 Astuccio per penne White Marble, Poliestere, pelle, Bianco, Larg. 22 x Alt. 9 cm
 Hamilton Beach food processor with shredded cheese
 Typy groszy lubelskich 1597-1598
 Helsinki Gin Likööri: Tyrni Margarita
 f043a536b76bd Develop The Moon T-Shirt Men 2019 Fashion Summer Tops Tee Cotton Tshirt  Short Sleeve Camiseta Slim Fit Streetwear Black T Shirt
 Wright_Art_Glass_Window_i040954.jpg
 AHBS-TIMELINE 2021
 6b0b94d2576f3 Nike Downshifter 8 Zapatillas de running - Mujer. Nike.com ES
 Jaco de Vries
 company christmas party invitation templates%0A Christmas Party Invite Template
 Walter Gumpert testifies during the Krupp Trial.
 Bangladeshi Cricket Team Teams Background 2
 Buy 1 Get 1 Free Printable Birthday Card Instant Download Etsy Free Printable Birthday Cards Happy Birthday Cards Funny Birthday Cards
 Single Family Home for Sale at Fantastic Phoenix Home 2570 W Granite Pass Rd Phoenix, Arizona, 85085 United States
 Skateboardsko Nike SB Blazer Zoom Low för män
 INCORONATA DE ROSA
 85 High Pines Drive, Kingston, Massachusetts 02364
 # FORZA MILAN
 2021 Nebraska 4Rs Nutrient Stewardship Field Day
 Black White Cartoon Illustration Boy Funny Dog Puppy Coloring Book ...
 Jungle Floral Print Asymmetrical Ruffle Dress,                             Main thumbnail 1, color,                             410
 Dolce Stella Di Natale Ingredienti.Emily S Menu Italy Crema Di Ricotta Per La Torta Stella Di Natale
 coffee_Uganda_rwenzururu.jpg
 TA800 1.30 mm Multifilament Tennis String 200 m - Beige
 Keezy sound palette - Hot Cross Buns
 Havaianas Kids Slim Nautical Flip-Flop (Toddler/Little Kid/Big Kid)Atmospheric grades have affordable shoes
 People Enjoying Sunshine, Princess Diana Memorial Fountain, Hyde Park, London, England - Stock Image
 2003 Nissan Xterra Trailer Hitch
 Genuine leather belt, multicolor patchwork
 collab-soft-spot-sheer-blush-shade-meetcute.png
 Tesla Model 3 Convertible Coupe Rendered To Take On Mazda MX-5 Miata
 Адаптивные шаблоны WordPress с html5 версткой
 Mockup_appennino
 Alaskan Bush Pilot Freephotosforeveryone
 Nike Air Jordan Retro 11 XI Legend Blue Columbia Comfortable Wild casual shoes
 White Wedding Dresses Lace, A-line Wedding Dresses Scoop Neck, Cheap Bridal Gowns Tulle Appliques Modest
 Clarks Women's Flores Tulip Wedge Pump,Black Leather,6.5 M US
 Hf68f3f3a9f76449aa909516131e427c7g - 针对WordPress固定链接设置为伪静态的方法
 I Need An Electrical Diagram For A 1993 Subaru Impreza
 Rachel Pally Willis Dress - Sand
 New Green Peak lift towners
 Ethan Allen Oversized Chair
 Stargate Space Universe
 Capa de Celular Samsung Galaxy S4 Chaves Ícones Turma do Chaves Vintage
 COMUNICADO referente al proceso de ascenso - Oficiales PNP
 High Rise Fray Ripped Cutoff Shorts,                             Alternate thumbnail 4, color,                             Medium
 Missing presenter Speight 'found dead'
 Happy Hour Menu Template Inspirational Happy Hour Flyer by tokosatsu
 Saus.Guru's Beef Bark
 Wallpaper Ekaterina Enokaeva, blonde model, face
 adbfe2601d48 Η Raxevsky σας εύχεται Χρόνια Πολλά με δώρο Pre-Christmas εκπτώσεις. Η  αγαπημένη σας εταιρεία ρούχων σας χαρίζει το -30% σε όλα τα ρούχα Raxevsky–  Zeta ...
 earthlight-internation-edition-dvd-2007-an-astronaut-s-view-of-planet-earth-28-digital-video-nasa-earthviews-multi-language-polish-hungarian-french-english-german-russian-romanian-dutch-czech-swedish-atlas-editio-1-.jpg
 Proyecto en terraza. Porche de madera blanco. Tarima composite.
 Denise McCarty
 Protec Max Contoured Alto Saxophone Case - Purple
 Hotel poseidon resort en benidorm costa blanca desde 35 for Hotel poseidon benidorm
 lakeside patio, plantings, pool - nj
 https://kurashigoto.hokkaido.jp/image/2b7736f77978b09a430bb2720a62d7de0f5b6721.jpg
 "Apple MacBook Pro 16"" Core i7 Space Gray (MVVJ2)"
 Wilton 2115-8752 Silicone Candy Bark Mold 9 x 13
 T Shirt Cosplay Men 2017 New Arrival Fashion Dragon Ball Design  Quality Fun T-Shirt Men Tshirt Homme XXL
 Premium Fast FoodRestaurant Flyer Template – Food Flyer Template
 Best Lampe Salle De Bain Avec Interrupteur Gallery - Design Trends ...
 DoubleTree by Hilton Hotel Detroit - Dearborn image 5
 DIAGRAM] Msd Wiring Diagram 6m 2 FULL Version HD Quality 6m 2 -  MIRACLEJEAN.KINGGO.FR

TASK GOAL: Go through the entries and restate each one exactly.

COMPLETED TASK:
 Astuccio per penne White Marble, Poliestere, pelle, Bianco, Larg. 22 x Alt. 9 cm
 Hamilton Beach food processor with shredded cheese
 Typy groszy lubelskich 1597-1598
 Helsinki Gin Likööri: Tyrni Margarita
 f043a536b76bd Develop The Moon T-Shirt Men 2019 Fashion Summer Tops Tee Cotton Tshirt  Short Sleeve Camiseta Slim Fit Streetwear Black T Shirt
 Wright_Art_Glass_Window_i040954.jpg
 AHBS-TIMELINE 2021
 6b0b94d2576f3 Nike Downshifter 8 Zapatillas de running - Mujer. Nike.com ES
 Jaco de Vries
 company christmas party invitation templates%0A Christmas Party Invite Template
 Walter Gumpert testifies during the Krupp Trial.
 Bangladeshi Cricket Team Teams Background 2
 Buy 1 Get 1 Free Printable Birthday Card Instant Download Etsy Free Printable Birthday Cards Happy Birthday Cards Funny Birthday Cards
 Single Family Home for Sale at Fantastic Phoenix Home 2570 W Granite Pass Rd Phoenix, Arizona, 85085 United States
 Skateboardsko Nike SB Blazer Zoom Low för män
 INCORONATA DE ROSA
 85 High Pines Drive, Kingston, Massachusetts 02364
 # FORZA MILAN
 2021 Nebraska 4Rs Nutrient Stewardship Field Day
 Black White Cartoon Illustration Boy Funny Dog Puppy Coloring Book ...
 Jungle Floral Print Asymmetrical Ruffle Dress,                             Main thumbnail 1, color,                             410
 Dolce Stella Di Natale Ingredienti.Emily S Menu Italy Crema Di Ricotta Per La Torta Stella Di Natale
 coffee_Uganda_rwenzururu.jpg
 TA800 1.30 mm Multifilament Tennis String 200 m - Beige
 Keezy sound palette - Hot Cross Buns
 Havaianas Kids Slim Nautical Flip-Flop (Toddler/Little Kid/Big Kid)Atmospheric grades have affordable shoes
 People Enjoying Sunshine, Princess Diana Memorial Fountain, Hyde Park, London, England - Stock Image
 2003 Nissan Xterra Trailer Hitch
 Genuine leather belt, multicolor patchwork
 collab-soft-spot-sheer-blush-shade-meetcute.png
 Tesla Model 3 Convertible Coupe Rendered To Take On Mazda MX-5 Miata
 Адаптивные шаблоны WordPress с html5 версткой
 Mockup_appennino
 Alaskan Bush Pilot Freephotosforeveryone
 Nike Air Jordan Retro 11 XI Legend Blue Columbia Comfortable Wild casual shoes
 White Wedding Dresses Lace, A-line Wedding Dresses Scoop Neck, Cheap Bridal Gowns Tulle Appliques Modest
 Clarks Women's Flores Tulip Wedge Pump,Black Leather,6.5 M US
 Hf68f3f3a9f76449aa909516131e427c7g - 针对WordPress固定链接设置为伪静态的方法
 I Need An Electrical Diagram For A 1993 Subaru Impreza
 Rachel Pally Willis Dress - Sand
 New Green Peak lift towners
 Ethan Allen Oversized Chair
 Stargate Space Universe
 Capa de Celular Samsung Galaxy S4 Chaves Ícones Turma do Chaves Vintage
 COMUNICADO referente al proceso de ascenso - Oficiales PNP
 High Rise Fray Ripped Cutoff Shorts,                             Alternate thumbnail 4, color,                             Medium
 Missing presenter Speight 'found dead'
 Happy Hour Menu Template Inspirational Happy Hour Flyer by tokosatsu
 Saus.Guru's Beef Bark
 Wallpaper Ekaterina Enokaeva, blonde model, face
 adbfe2601d48 Η Raxevsky σας εύχεται Χρόνια Πολλά με δώρο Pre-Christmas εκπτώσεις. Η  αγαπημένη σας εταιρεία ρούχων σας χαρίζει το -30% σε όλα τα ρούχα Raxevsky–  Zeta ...
 earthlight-internation-edition-dvd-2007-an-astronaut-s-view-of-planet-earth-28-digital-video-nasa-earthviews-multi-language-polish-hungarian-french-english-german-russian-romanian-dutch-czech-swedish-atlas-editio-1-.jpg
 Proyecto en terraza. Porche de madera blanco. Tarima composite.
 Denise McCarty
 Protec Max Contoured Alto Saxophone Case - Purple
 Hotel poseidon resort en benidorm costa blanca desde 35 for Hotel poseidon benidorm
 lakeside patio, plantings, pool - nj
 https://kurashigoto.hokkaido.jp/image/2b7736f77978b09a430bb2720a62d7de0f5b6721.jpg
 "Apple MacBook Pro 16"" Core i7 Space Gray (MVVJ2)"
 Wilton 2115-8752 Silicone Candy Bark Mold 9 x 13
 T Shirt Cosplay Men 2017 New Arrival Fashion Dragon Ball Design  Quality Fun T-Shirt Men Tshirt Homme XXL
 Premium Fast FoodRestaurant Flyer Template – Food Flyer Template
 Best Lampe Salle De Bain Avec Interrupteur Gallery - Design Trends ...
 DoubleTree by Hilton Hotel Detroit - Dearborn image 5
 DIAGRAM] Msd Wiring Diagram 6m 2 FULL Version HD Quality 6m 2 -  MIRACLEJEAN.KINGGO.FR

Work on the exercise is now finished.